Etwas fachlich wird es dann doch: Reinhold erklärt mit einer Skizze, wie man den Oberschwingungen im Stromnetz noch beikommen könne. Erstens: Das Filter lahmlegen. Per Abschalteinrichtung. „Kennt man ja von VW.“ Die Cafeteria tobt. Oder zweitens, noch besser: Ein Software-Update, und zwar im Messgerät. „Dann kann man die Messwerte nämlich ordentlich anpassen.“ Problem gelöst. Gelächter.
Und ja, es heißt hier wirklich das Filter!
Dem erhellenden Vortrag folgen heftige Fragen des ernst dreinblickenden Gremiums aus diversen EIT-Fachgebieten: „Wann ist der Drehmoment?“, will man wissen. Apropos: Zu diesem Zeitpunkt sitzt Reinhold schon auf einem Ergometer (Bartholomäus: „Regenerative Energie!“), versorgt eine mühsam selbst angeschlossene Carrera-Rennbahn mit Strom. Fliegt sein Rennwagen aus der Kurve oder beantwortet er eine Frage falsch nicht zum Wohlgefallen der Kommission, gibt es eine Runde in den Filter auf dem Hut.
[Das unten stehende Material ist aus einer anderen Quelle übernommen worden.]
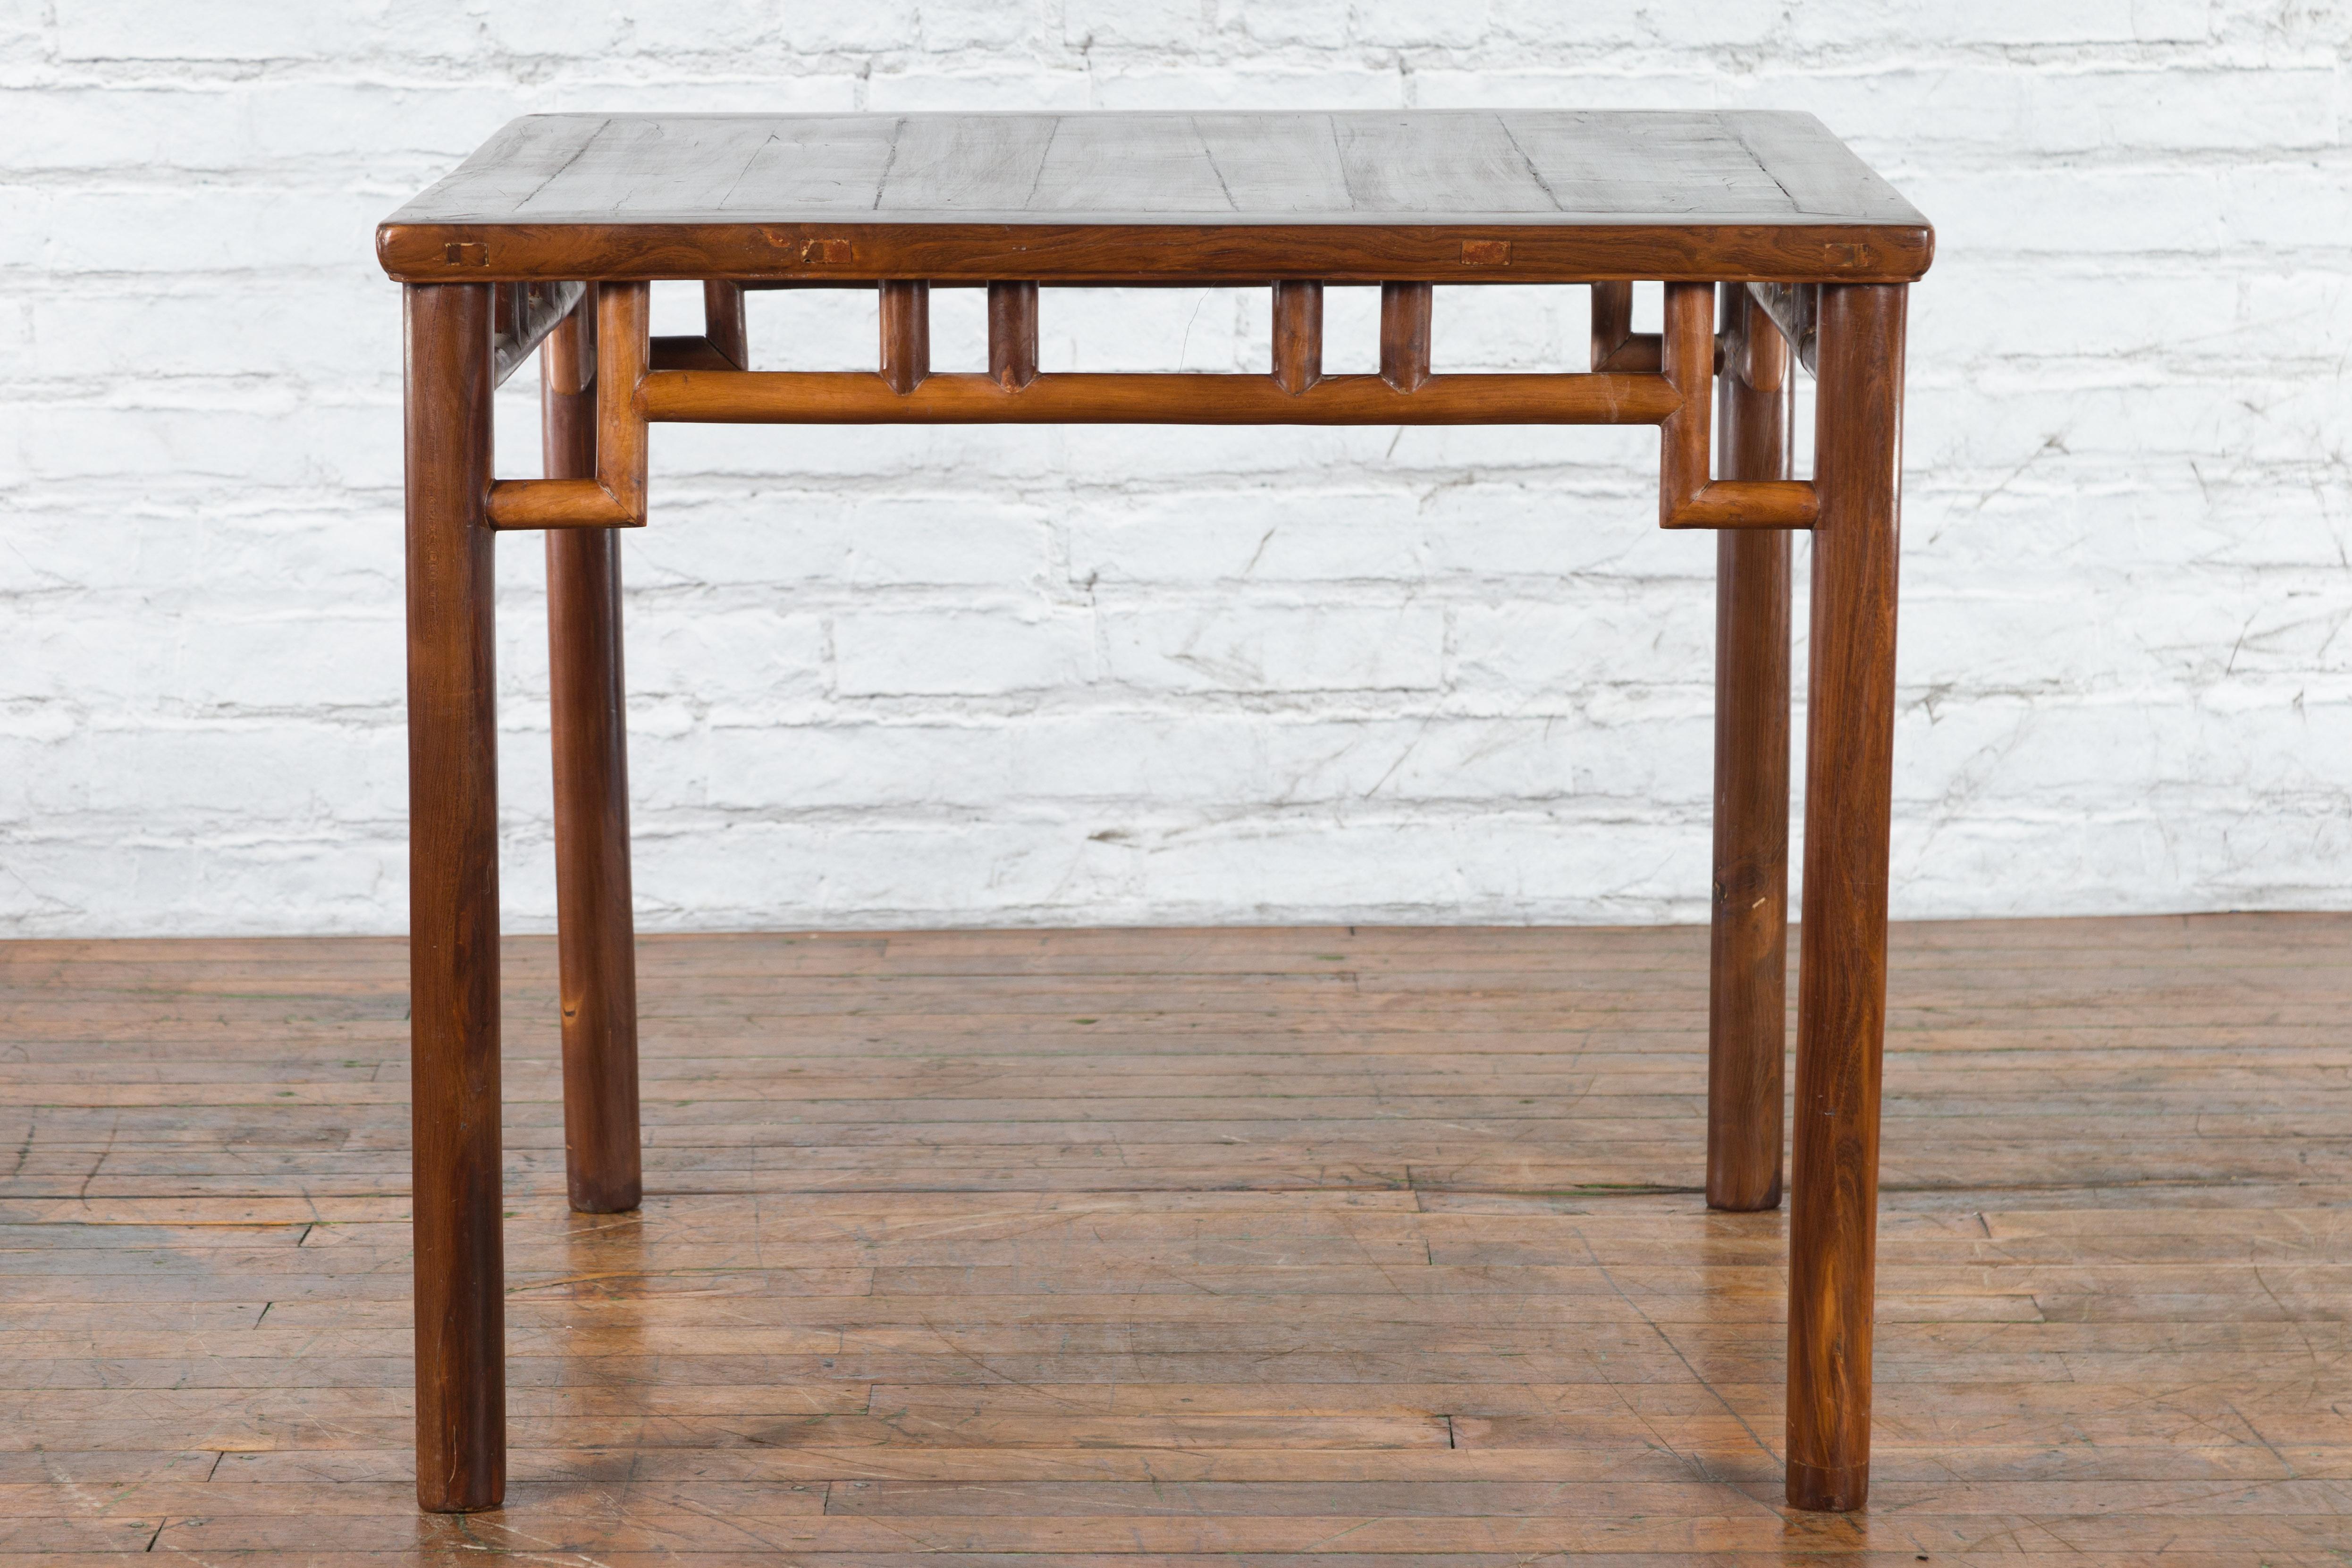 Chinese Qing Dynasty Period 19th Century Game Table with Humpback Stretchers For Sale 11

„Nach der Aktion möchte ich gern eine Pflegestufe beantragen“, ruft der 35-Jährige in den Raum. Und beantwortet die irren Fragen trotzdem souverän. „Wie lautet das Ergebnis des WM-Gruppenspiels Portugal gegen Marokko?“ Das ist nicht so leicht – denn das Spiel hat noch nicht angefangen. Reinhold kontert: „Null zu Null nach Elfmeterschießen.“ Das gibt dreimal „Bestanden“ von der Jury.
Dies gilt leider nicht für die Frage, wie der vollständige Titel seiner Arbeit heißt. Ausgerechnet hier scheitert Reinhold knapp. Was auch nüchtern betrachtet nicht verwundert: Theoretische Untersuchung und Simulation einer aktiven Filteranlage mit parallel-serieller Struktur für sechspulsige Diodengleichrichter.
Nach etwas mehr als einer Stunde wird Dr. Andreas Reinhold „erlöst“. Prodekan Prof. Wolfgang Reinhold, nicht verwandt oder verschwägert, gratuliert fakultätsseitig mit Blumen. Und Doktorvater Grohmann, sichtlich gerührt, erinnert sich auch an 1984 – als nämlich an gleicher Stelle seine Doktorfeier stattfand: „Einfach eine tolle Tradition!“ Die sich vor der Tür fortsetzt. Mit Frei-Wurst vom Fachschaftsrat.